Bio
Maxine's expertise are at the intersection of health and genomics, equity and diversity, and data science and AI. She is an organiser in the Turing’s Health Equity Special Interest Group where she primarily focuses on promoting data diversity, fairness in AI, and raising awareness of the issues of health data bias. She previously setup and led the Diverse Data initiative at Genomics England, a new £25m initiative which was launched to reduce health inequalities in genomic medicine through a range of data-generation, engagement, and analytical and tool-building activities. Maxine is the co-founder of One HealthTech – a global, volunteer-led, grassroots community that supports and promotes under-represented groups in health innovation. OHT has over 20,000 contributors worldwide across 20 Hubs which have collectively delivered over 1000 events, projects, campaigns and initiatives improving diversity in healthtech. She also set up Data Science for Health Equity, a community of practice that brings together those with expertise in data science and health inequalities to connect and collaborate on cutting-edge domains in health. She has been part of a number of communities and committees including being a Non-Executive Director for the Eastern Academic Health Science Network, a member of the World Economic Forum’s Global Shapers, and the British Computer Society (Health Exec) and the DeepMind Health Independent Review Board. She is currently a Sciana Fellow, a 2 year fellowship for health policy leaders.
Research interests
With the increasing digitisation of health, care and life sciences, there is great potential to transform the way we predict, prevent, treat and understand health and disease. However, the data-ification of healthcare and research is not without its risks. Huge swathes of the population are missing in health datasets, we see countless examples of algorithms automating and encoding societal biases in health and we still live in a world with enormous inequalities in resources, funding and skills to support the digital revolution in health. Maxine’s research interests lie in ensuring data science is as fair and equity-enhancing as possible in health. Whilst her interests span a range of health data modalities, most recently she has been focussed on this in the context of genomics.
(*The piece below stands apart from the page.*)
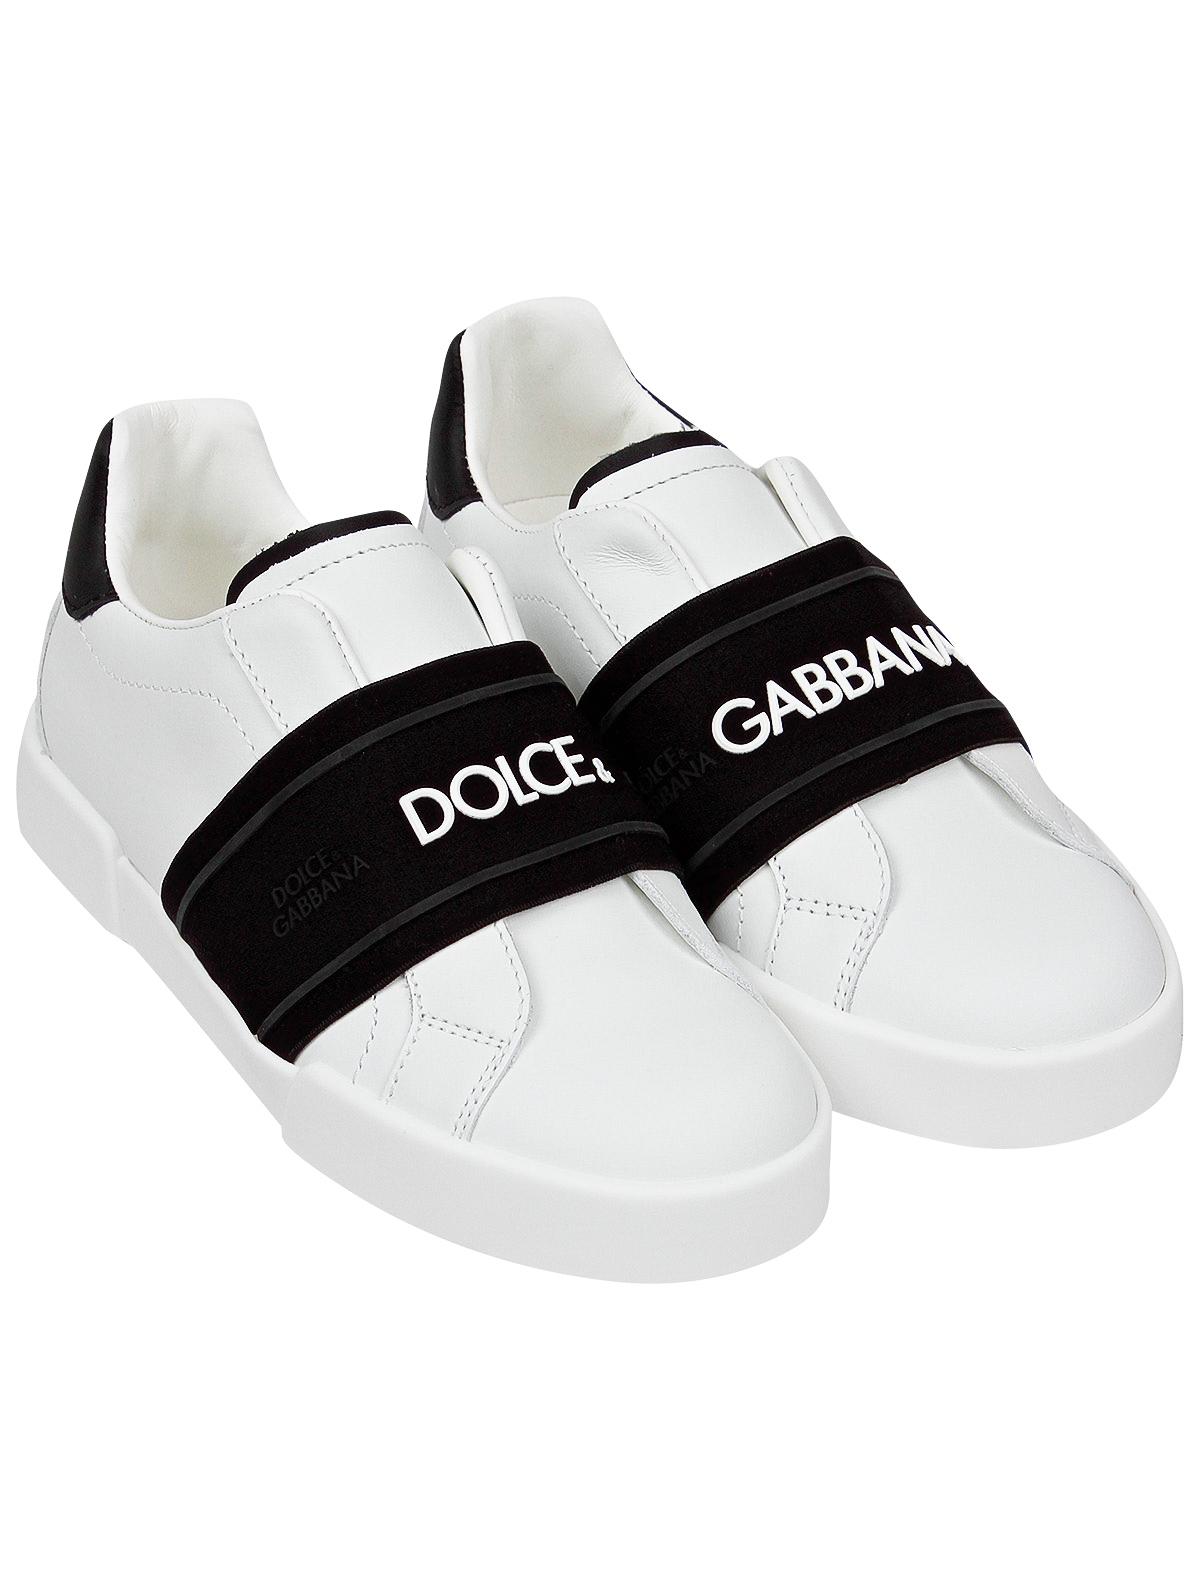 Купить 2175420, Кеды Dolce & Gabbana, белый, 2094529070284

Studies of human genetics have largely been on populations from WEIRD (Western, Educated, Industrialized, Rich, Democratic) countries which has resulted genomic insights that are not generalisable to all populations. Most studies, trials and papers conclude with a call to action to recruit and use more diverse participants, and yet the proportion of non-European ancestries in genomic studies is diminishing. To address this gap, it is essential to work across the whole pipeline of genomic research and health care delivery, from the populations we work with and the data we collect, to the analyses we carry out and the availability of genetic testing.
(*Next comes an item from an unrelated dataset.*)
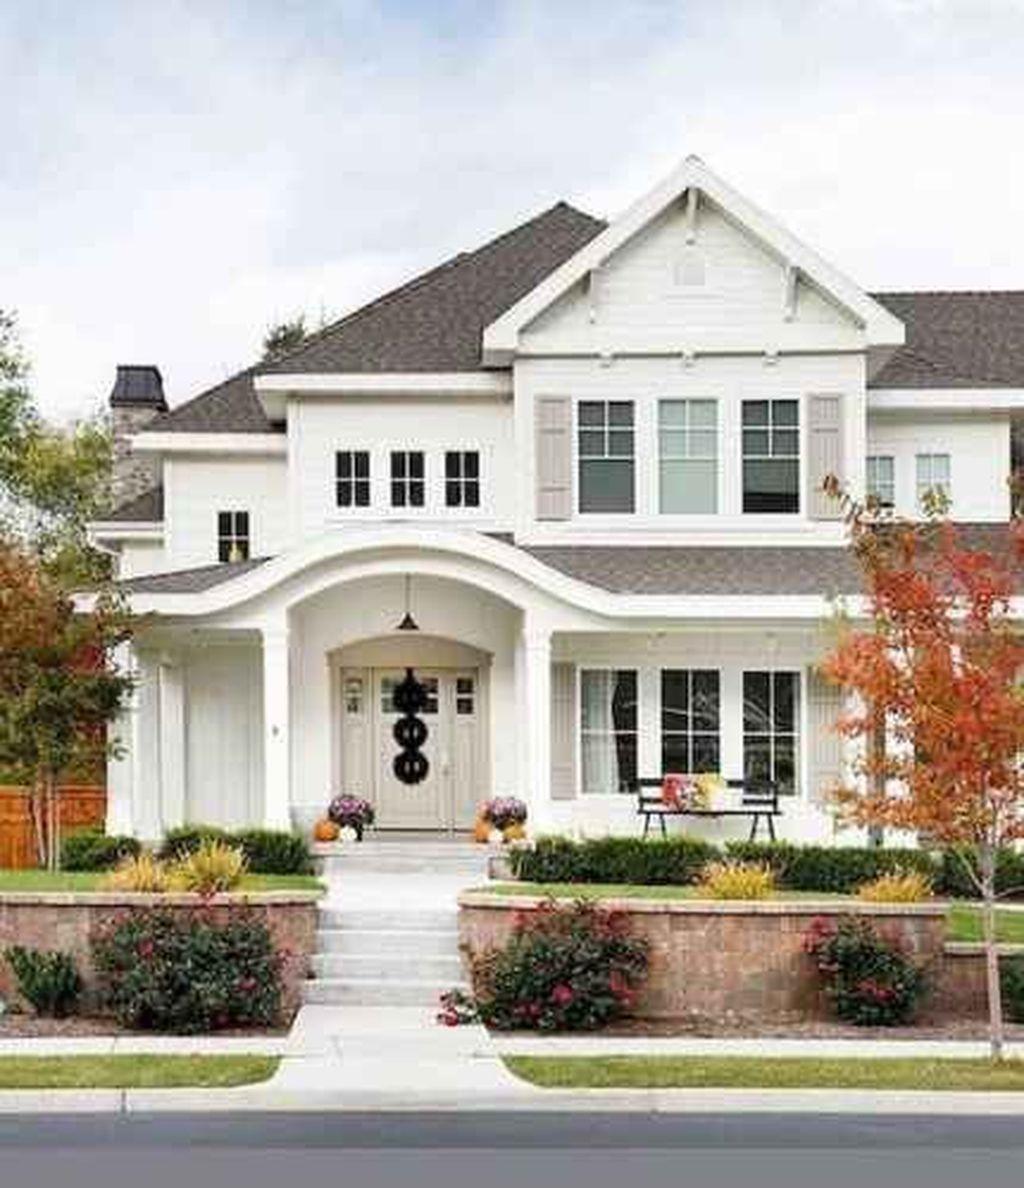 30 cozy farmhouse exterior design ideas that looks cool

She applied herself to solving this in the context of Genomics England's Diverse Data initiative, however prior to this (and alongside her stint in government) Maxine’s research looked at applying machine learning methods to health, care and life science challenges, and also explored the ethical impacts these approaches had. Maxine was a Research Associate and Fellow working between The Alan Turing Institute, The Health Foundation and the University of Oxford where she primarily worked with Prof Chris Holmes. Her postdoc focused on exploring the boundaries of what we define as “health” data, and how we can infer how healthy or sick people are, based on their financial, geospatial, social or transactional consumer data. Prior to this she completed a PhD at UCL’s Institute of Health Informatics (and was a Turing Enrichment Student) where her work looked at using novel statistical methods to detect early signs of dementia in electronic health records. She also completed an MSc in Health Policy, Planning and Financing (LSE & LSHTM) and a BSc in Biomedical Sciences, Neuroscience & Pharmacology (UCL).